IA al Día
the efficient way to stay informed
Back to Deep Dives
Deep Dive June 12, 2026 14 min read

Context Compaction in AI Agents: How Hermes, Codex, Claude Code, and OpenCode Manage the Memory Window

In-depth technical analysis of how four AI agent systems — Hermes Agent, Codex CLI, Claude Code, and OpenCode — implement context compaction to maintain long sessions without losing critical information or exceeding token limits.

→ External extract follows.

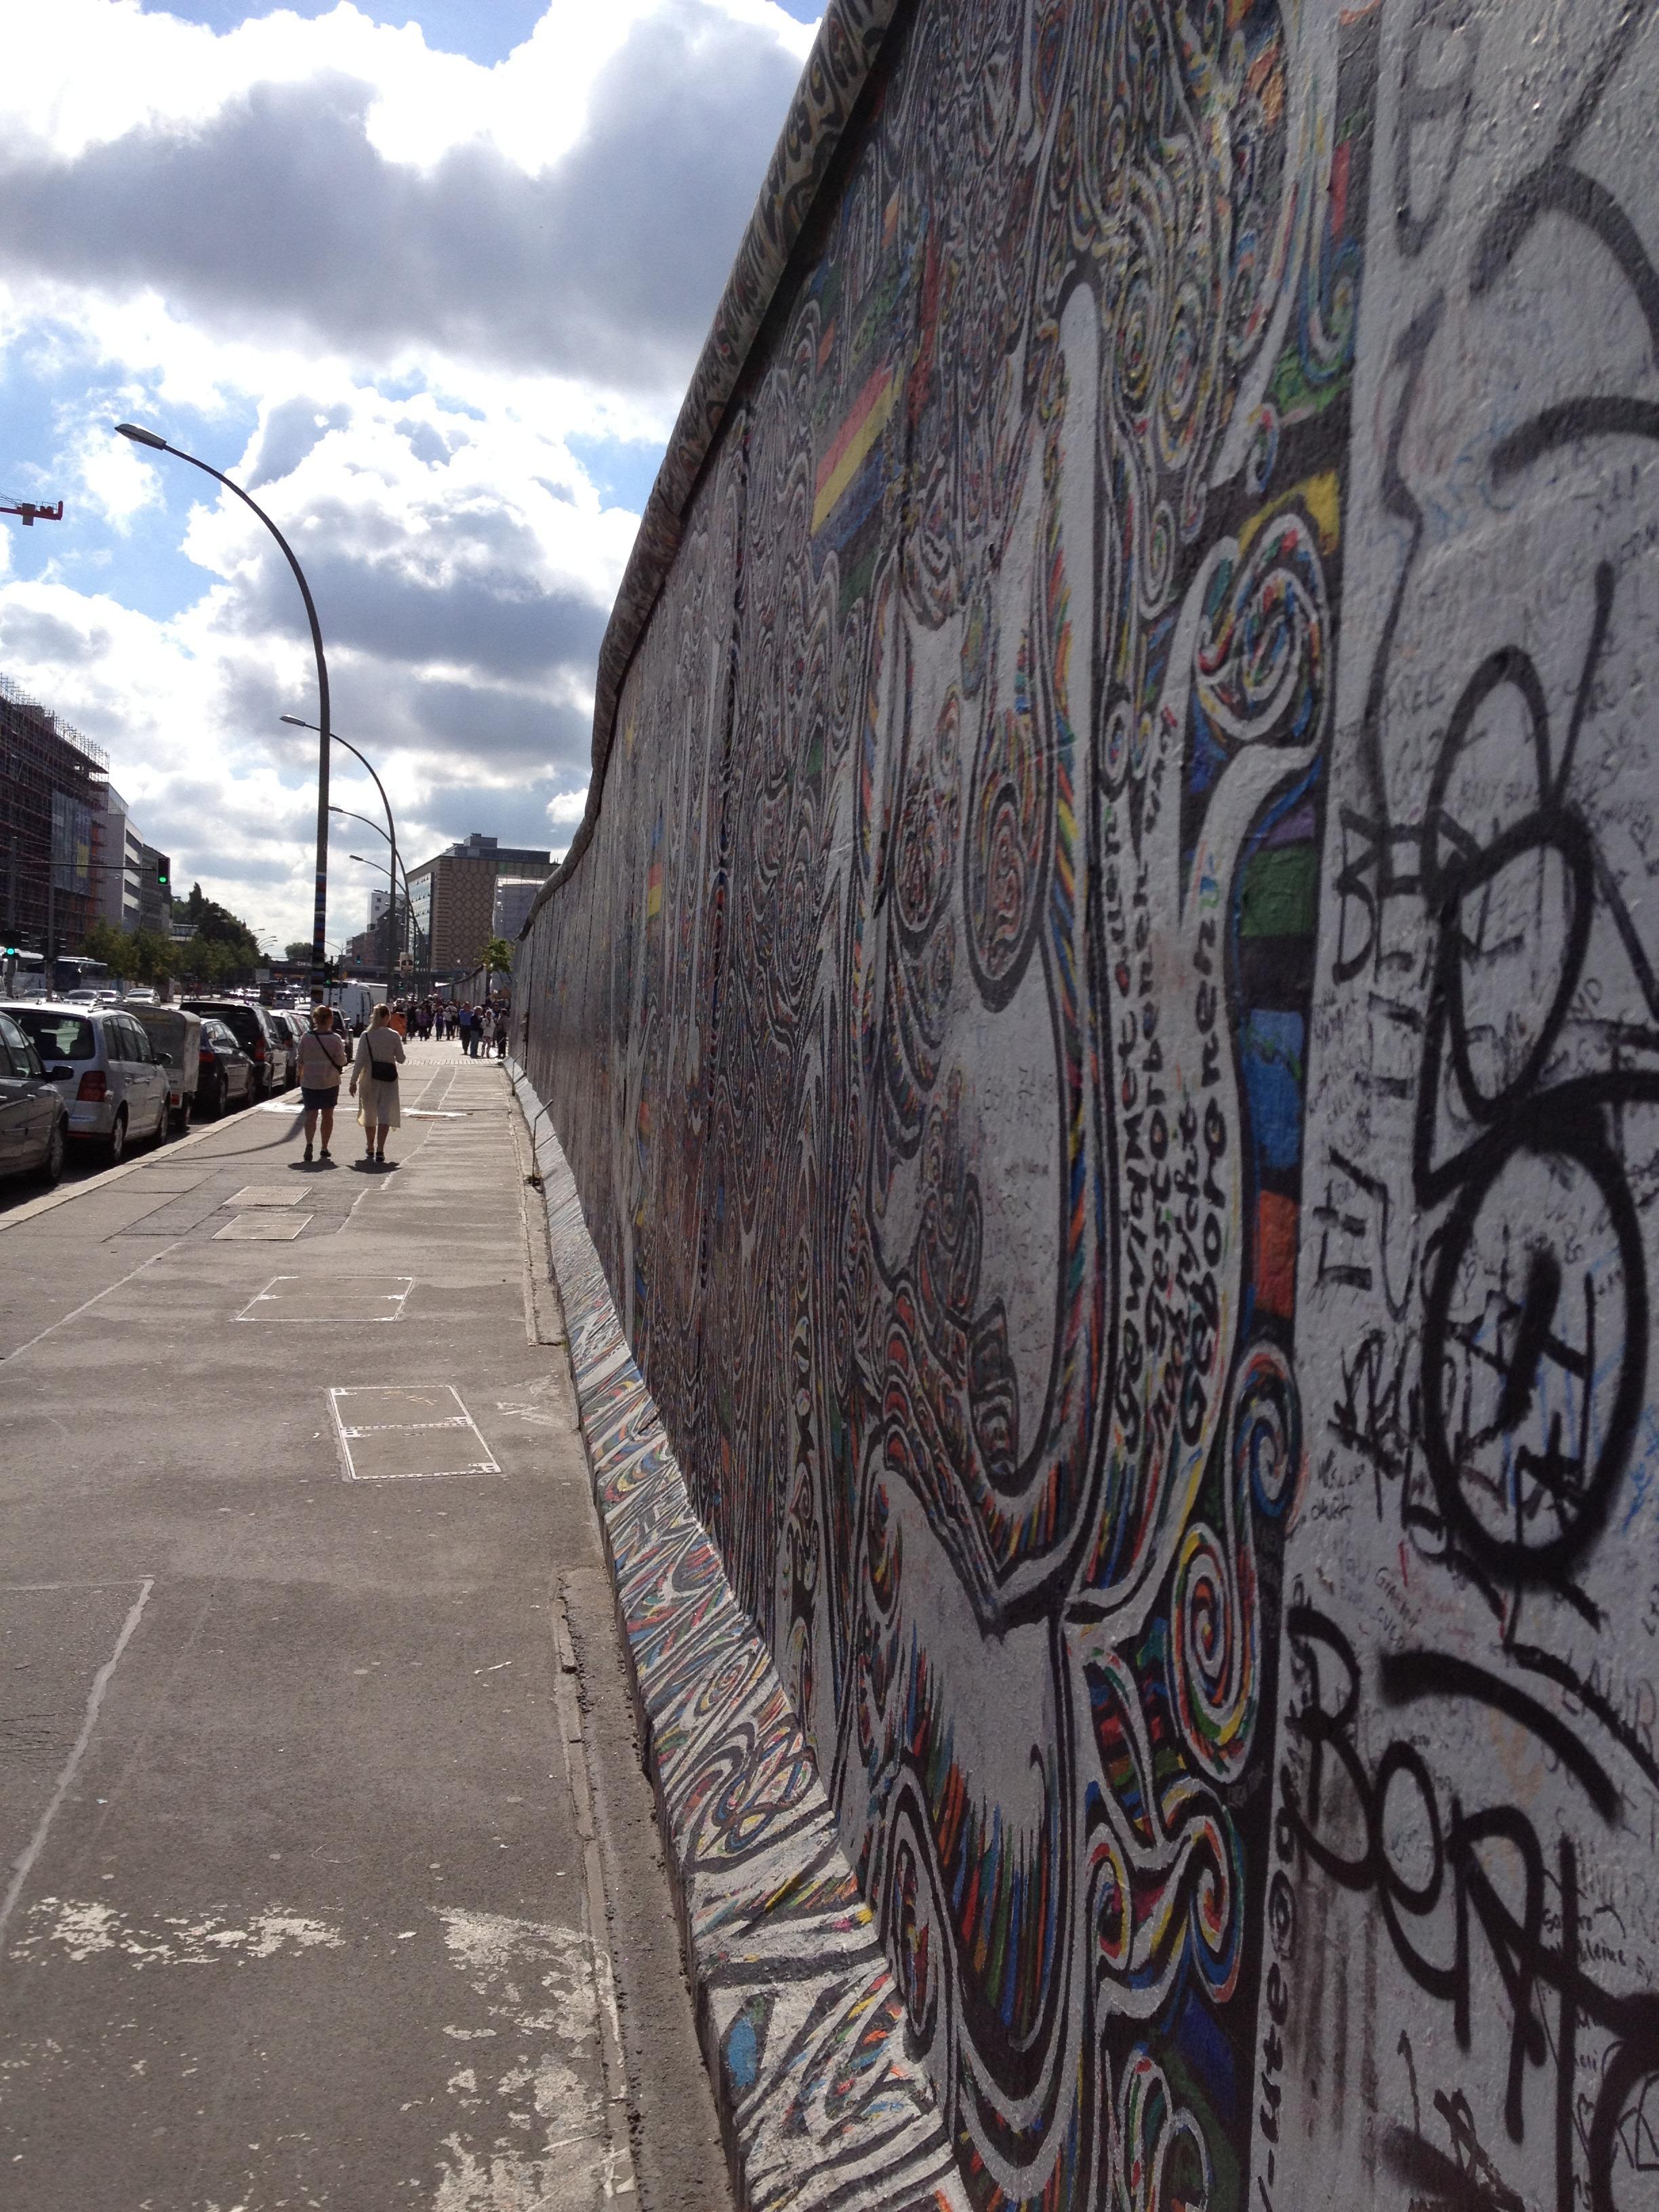 Grafiti wall berlin - Road Street Wall Europe Historic Graffiti Lane Painting Street Art Art Infrastructure Signs Mural Germany Berlin

Context Compaction in AI Agents: How Hermes, Codex, Claude Code, and OpenCode Manage the Memory Window
By IA al Día

Key Findings

  • Context compaction is an investment: spend ~$0.01 in tokens now to save 10-100× on future turns
  • Hermes Agent has the most complete system with a dual layer (gateway at 85% + agent at 50%) and a 4-phase algorithm that prunes tool results before calling the LLM
  • Claude Code integrates Anthropic Prompt Cache as an intermediate layer, reducing costs ~75% without compromising information
  • OpenCode uses timestamp-based hiding (not physical deletion) — data persists in the DB for future audits
  • Codex CLI preserves user messages verbatim while compressing everything else into a "handoff" summary
  • All converge on a common pattern: cheap pruning first, LLM summary second, head and tail always protected
Methodology

Research based on official documentation from Hermes Agent (Nous Research), source code from Codex CLI (OpenAI/openai/codex) and OpenCode (sst/opencode), plus community analysis of Claude Code (Anthropic). Each claim about thresholds, algorithm phases, and data structures was verified against source code or official documentation. Cost comparisons use public API prices as of June 2026.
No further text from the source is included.